Their fiercer brethren, the formidable Visigoths, universally adopted
the religion of the Romans, with whom they maintained a perpetual
intercourse, of war, of friendship, or of conquest. In their long and
victorious march from the Danube to the Atlantic Ocean, they converted
their allies; they educated the rising generation; and the devotion
which reigned in the camp of Alaric, or the court of Thoulouse, might
edify or disgrace the palaces of Rome and Constantinople. During the
same period, Christianity was embraced by almost all the Barbarians, who
established their kingdoms on the ruins of the Western empire; the
Burgundians in Gaul, the Suevi in Spain, the Vandals in Africa, the
Ostrogoths in Pannonia, and the various bands of mercenaries, that
raised Odoacer to the throne of Italy.

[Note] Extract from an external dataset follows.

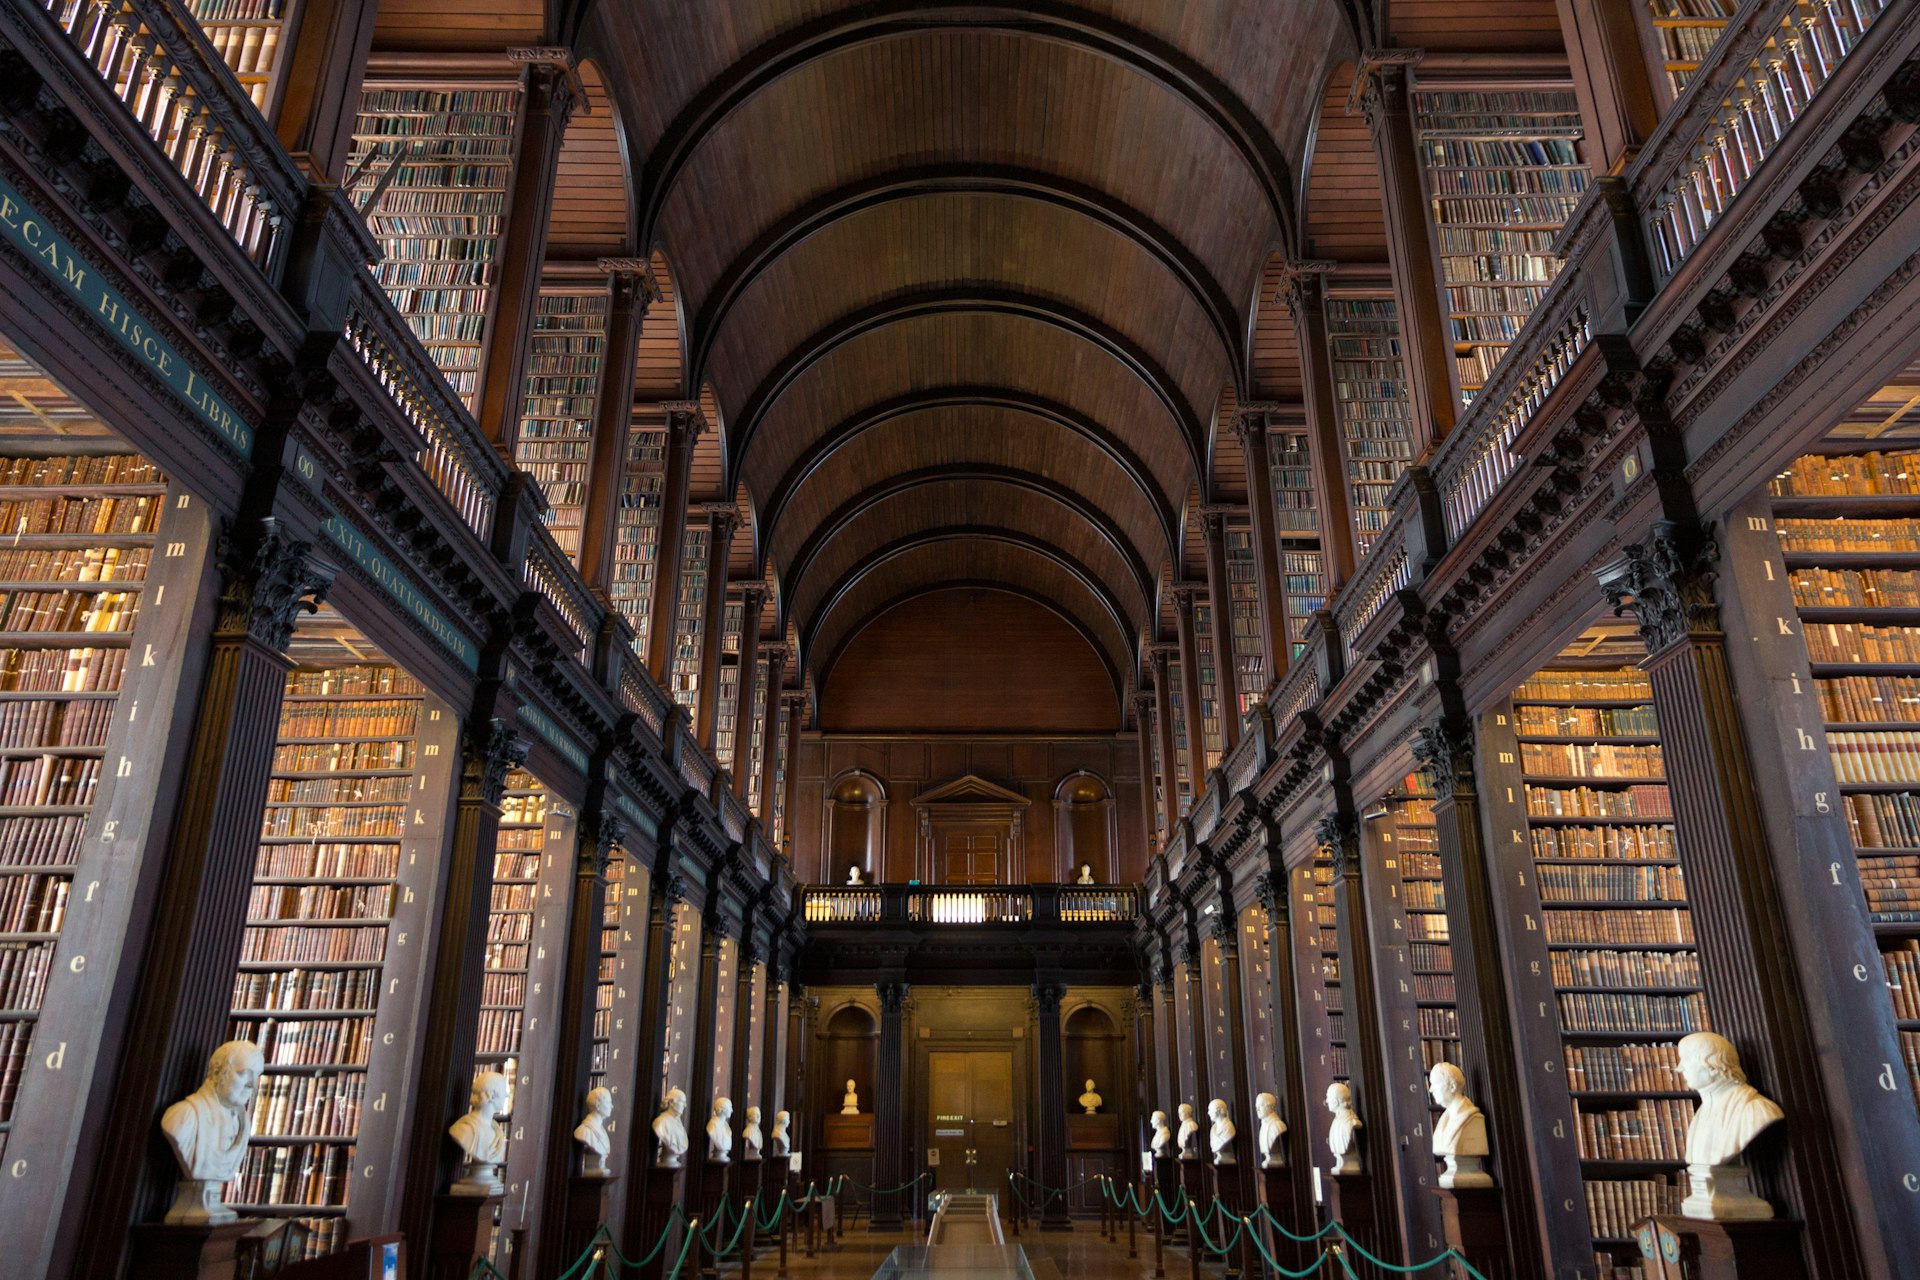 Symmetrical rows of bookshelves in the Long Room in the Trinity College Library

The Franks and the Saxons still
persevered in the errors of Paganism; but the Franks obtained the
monarchy of Gaul by their submission to the example of Clovis; and the
Saxon conquerors of Britain were reclaimed from their savage
superstition by the missionaries of Rome. These Barbarian proselytes
displayed an ardent and successful zeal in the propagation of the faith.
The Merovingian kings, and their successors, Charlemagne and the Othos,
extended, by their laws and victories, the dominion of the cross.
England produced the apostle of Germany; and the evangelic light was
gradually diffused from the neighborhood of the Rhine, to the nations of
the Elbe, the Vistula, and the Baltic.